Relationships with Data
  • Reliance varies widely. Some runners use heart rate, pace, or distance in real time; some look back at mileage to manage week-to-week consistency. None use ACWR to moderate training volume - even those whose tools provide it.
  • 3 participants noted that some wearable data (sleep, heart rate) can be demotivating, and they sometimes avoid it.
  • 10 of 12 participants said data must correlate with how they feel before they'll trust it.
  • 2 participants said they need to see evidence of progress.
  • Other trust pathways varied: (1) scientific evidence / journal articles showing the device works, (2) recommendations and testimonials from friends, and (3) a sanity check against their own understanding. This last one matters because many injury-management best practices don't match what runners believe or have been told (e.g., shoe choice has been shown to have little to no effect on injury rates).
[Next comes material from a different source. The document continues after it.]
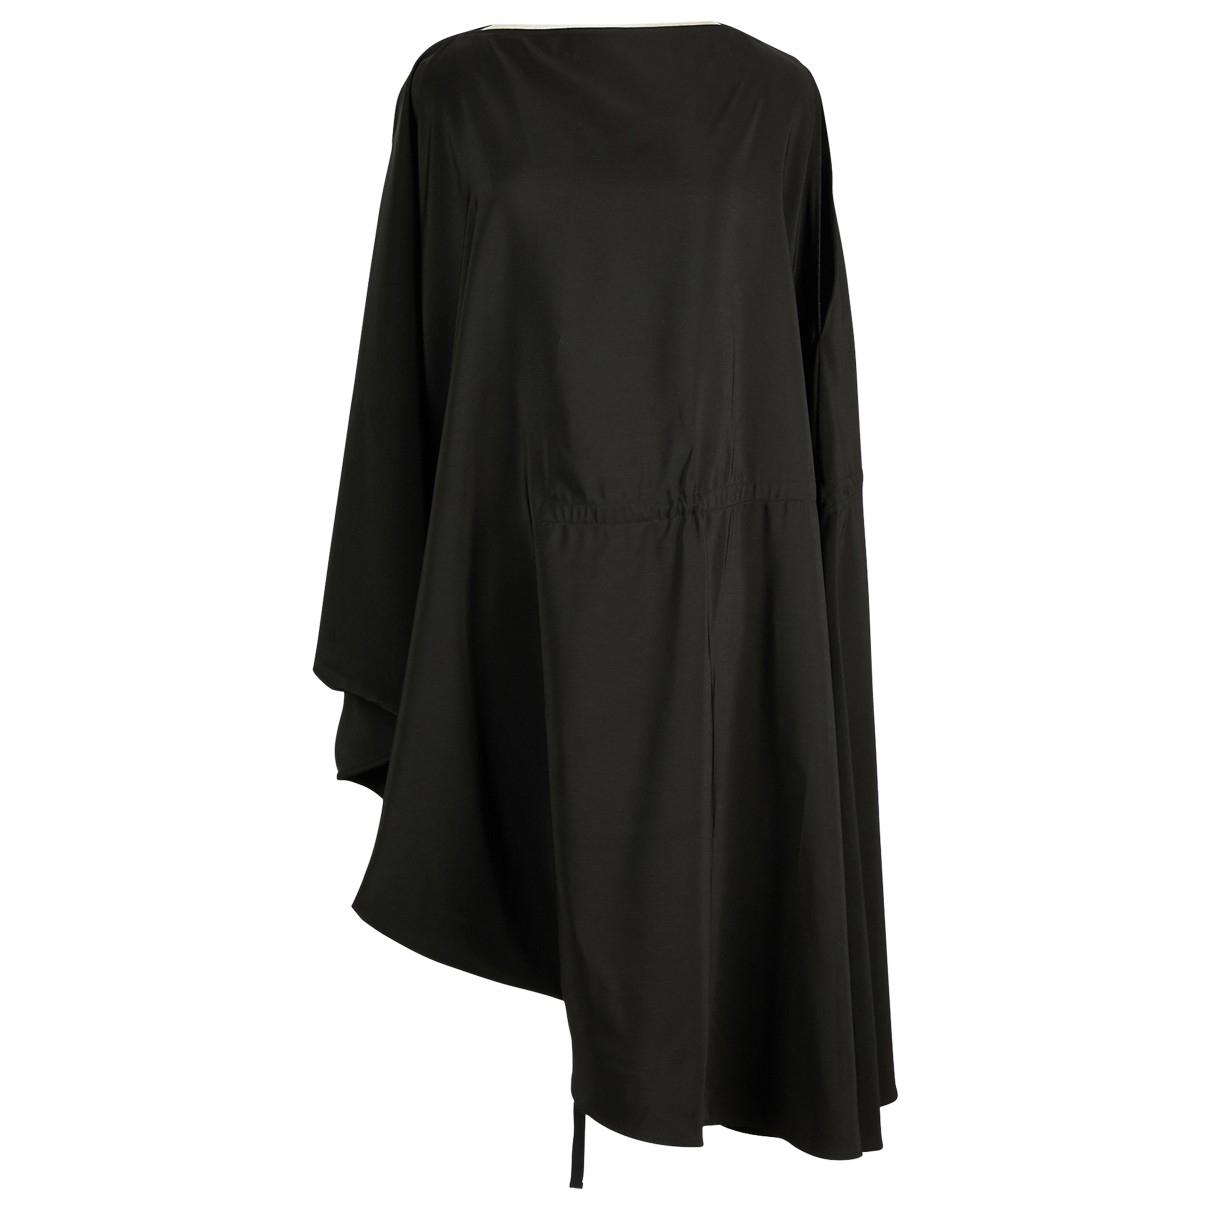 Maison Martin Margiela \N Kleid in  Schwarz Polyester

Considerations & Decisions
InsightProduct decision
"Not a serious runner" barrier is identity-basedPositioning around injury prevention and identity, not performance
Gait data exists but 0/12 act on itPrioritize actionability over displaying metrics
Data must match felt experience (10/12)Conservative alert thresholds; multi-signal confirmation; journal as two-way calibration loop
Data anxiety, avoidance (3/12)Conservative alert thresholds; lead with positives
No one uses ACWR despite accessAutomate load management through planning feature; include ACWR education in onboarding

* Test assumption about lack of education: follow up with participants to see if they are aware of ACWR.